# [Task]
Having located "Gmail open on laptop", write out its line and the remaining lines of the material exactly, the last one included, but not the pictures.

# [Data section]

————

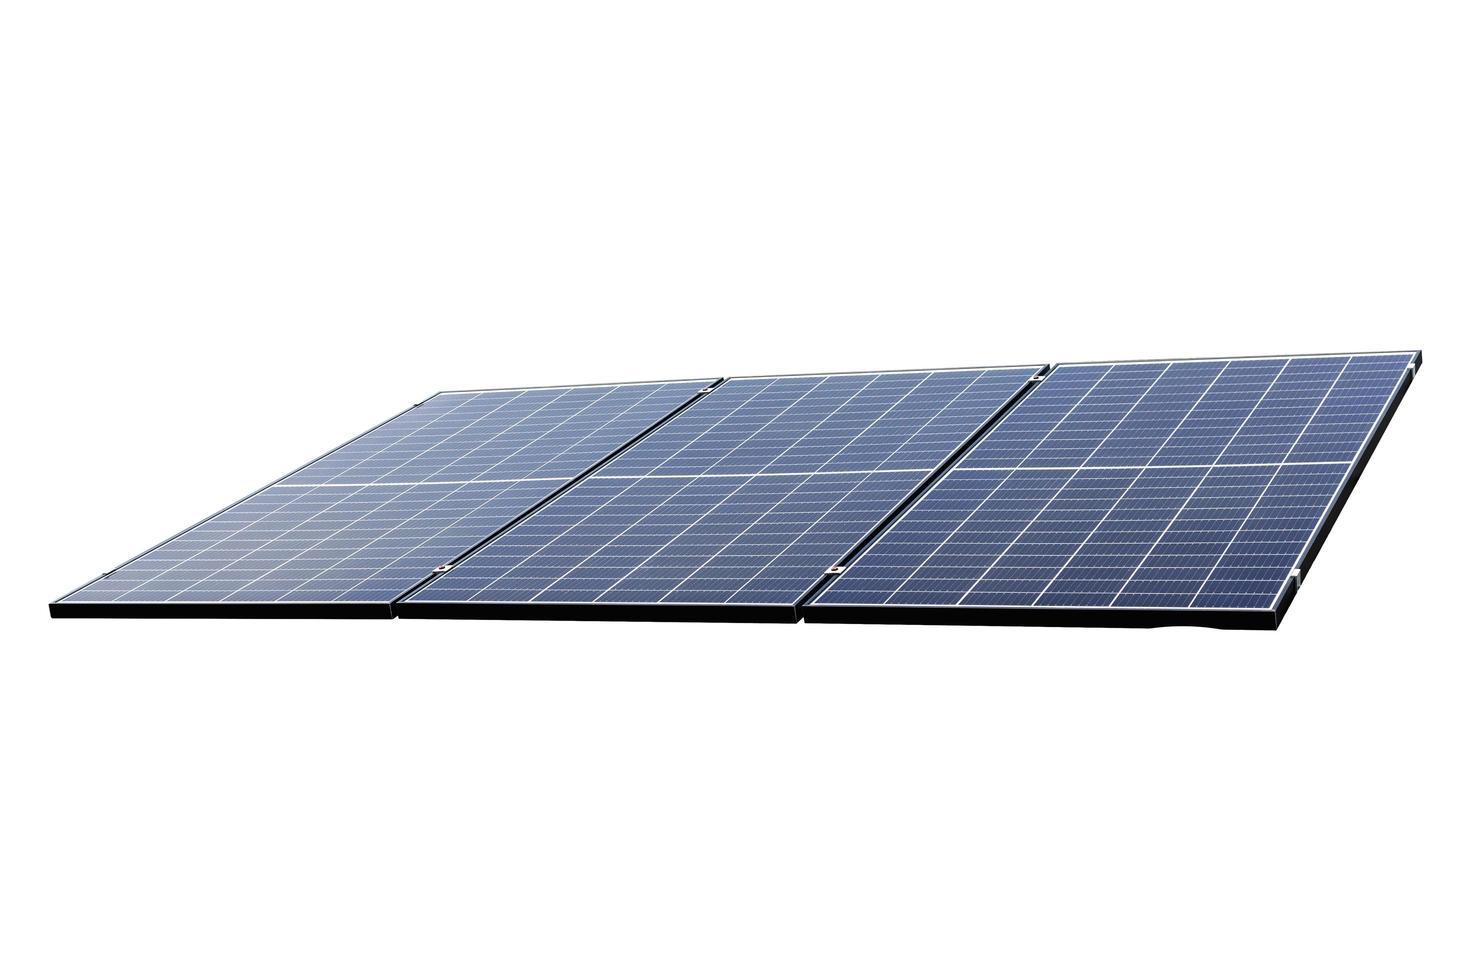 pannello fotovoltaico di energia solare su un bianco foto
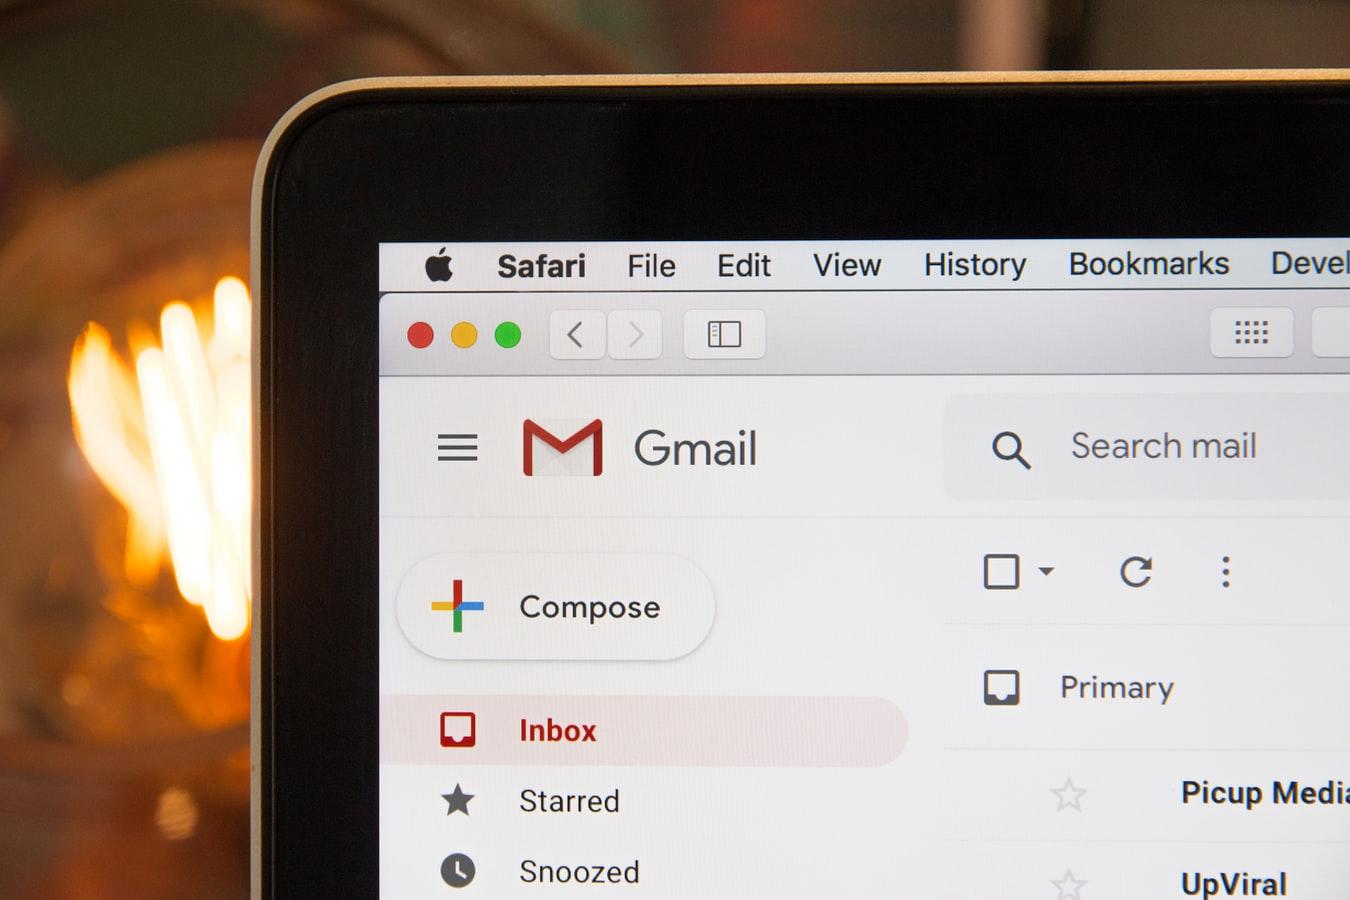 Gmail open on laptop
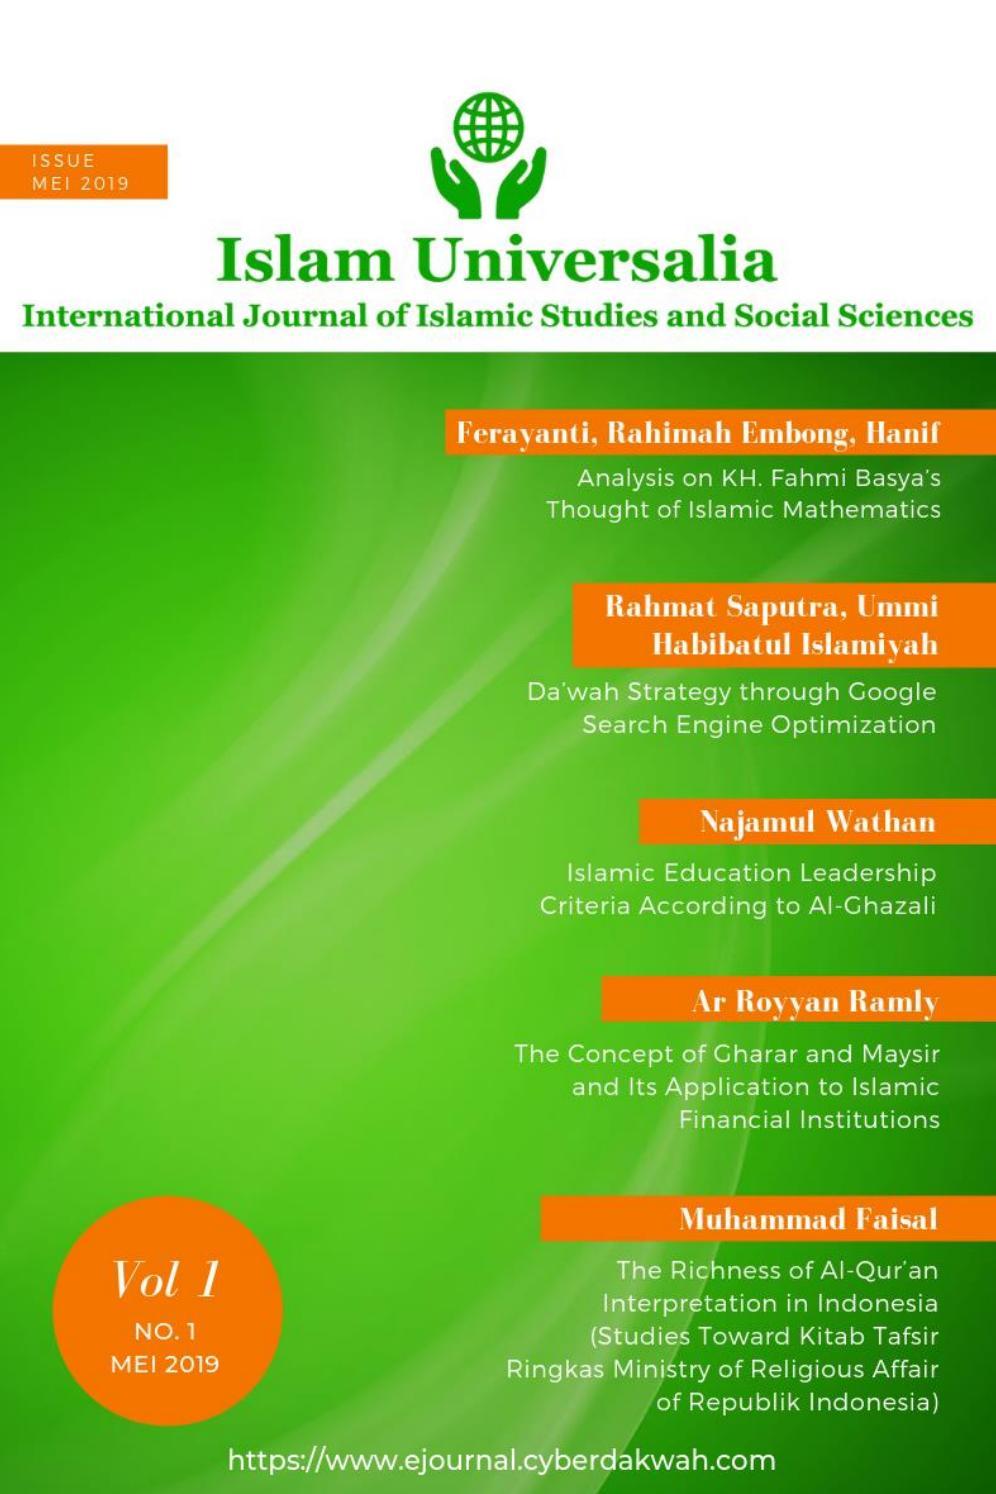 Konsep Gharar Dan Maysir Dan Aplikasinya Pada Lembaga Keuangan Islam By Islam Universalia Issuu
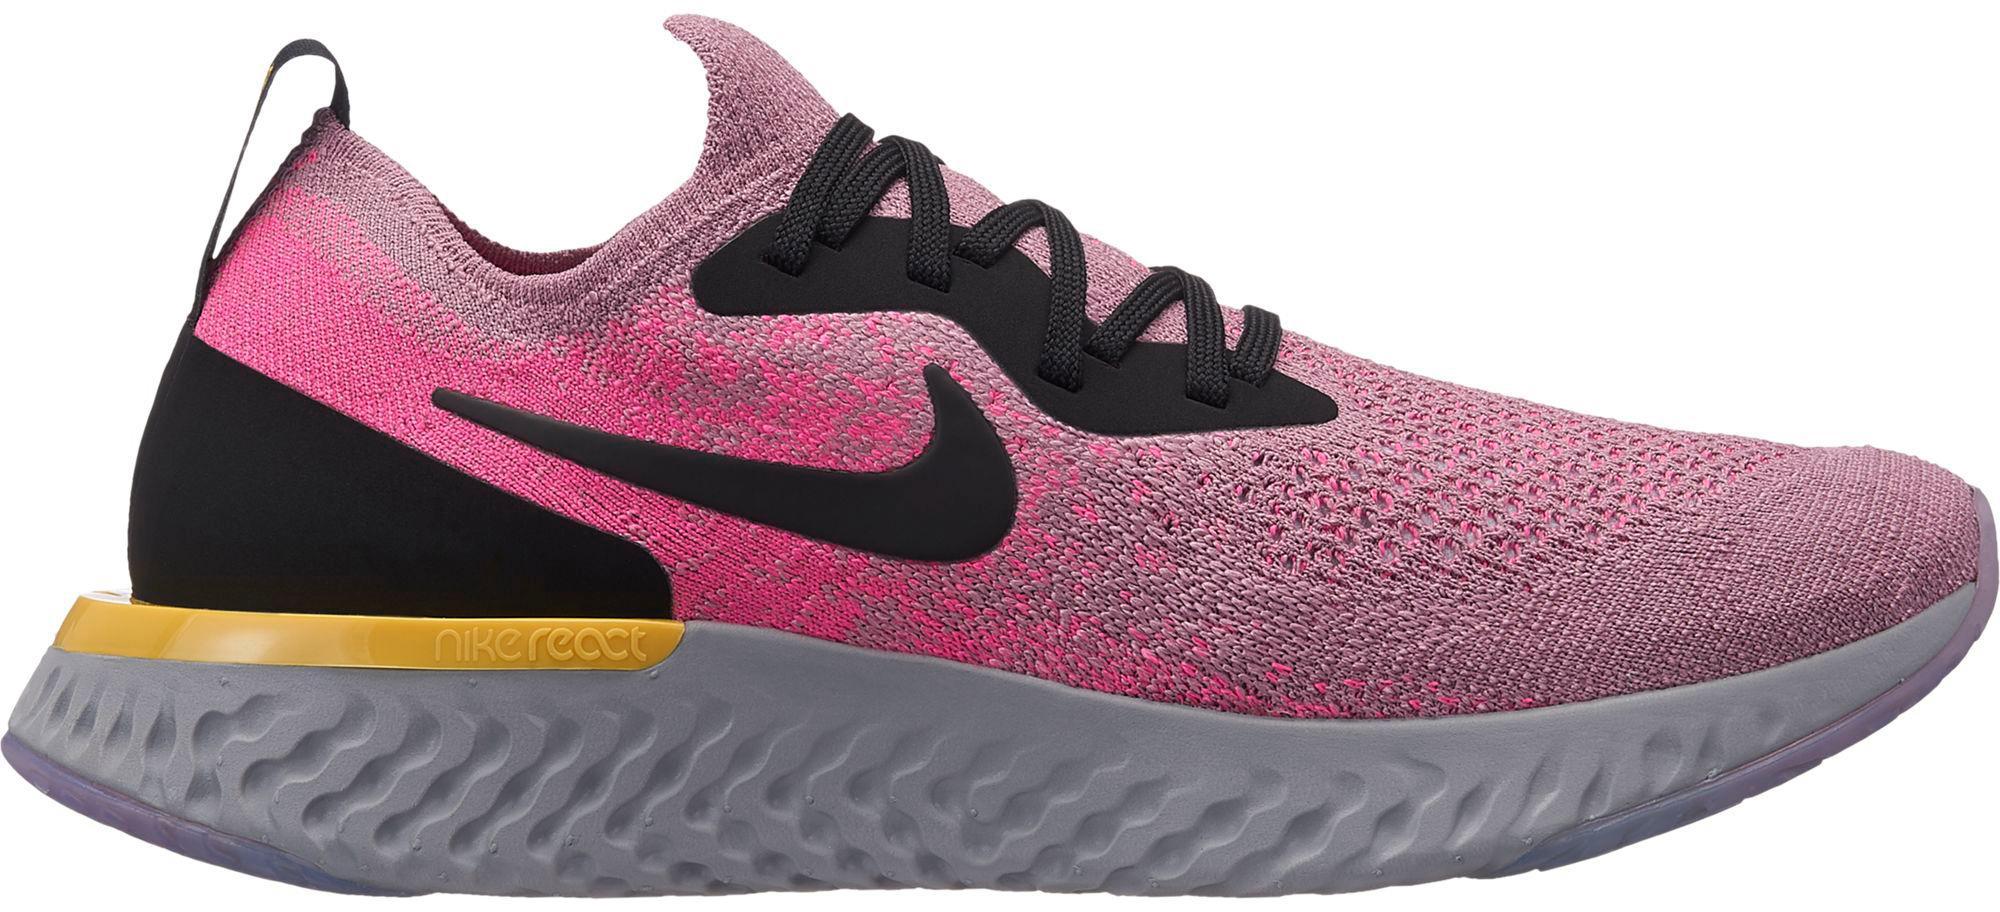 6814d5a08d02a Nike EPIC REACT FLYKNIT Laufschuhe Damen plum dust-black-pink-blast-ama im  Online Shop von SportScheck kaufen

————

# [Task result]
 Gmail open on laptop
 Konsep Gharar Dan Maysir Dan Aplikasinya Pada Lembaga Keuangan Islam By Islam Universalia Issuu
 6814d5a08d02a Nike EPIC REACT FLYKNIT Laufschuhe Damen plum dust-black-pink-blast-ama im  Online Shop von SportScheck kaufen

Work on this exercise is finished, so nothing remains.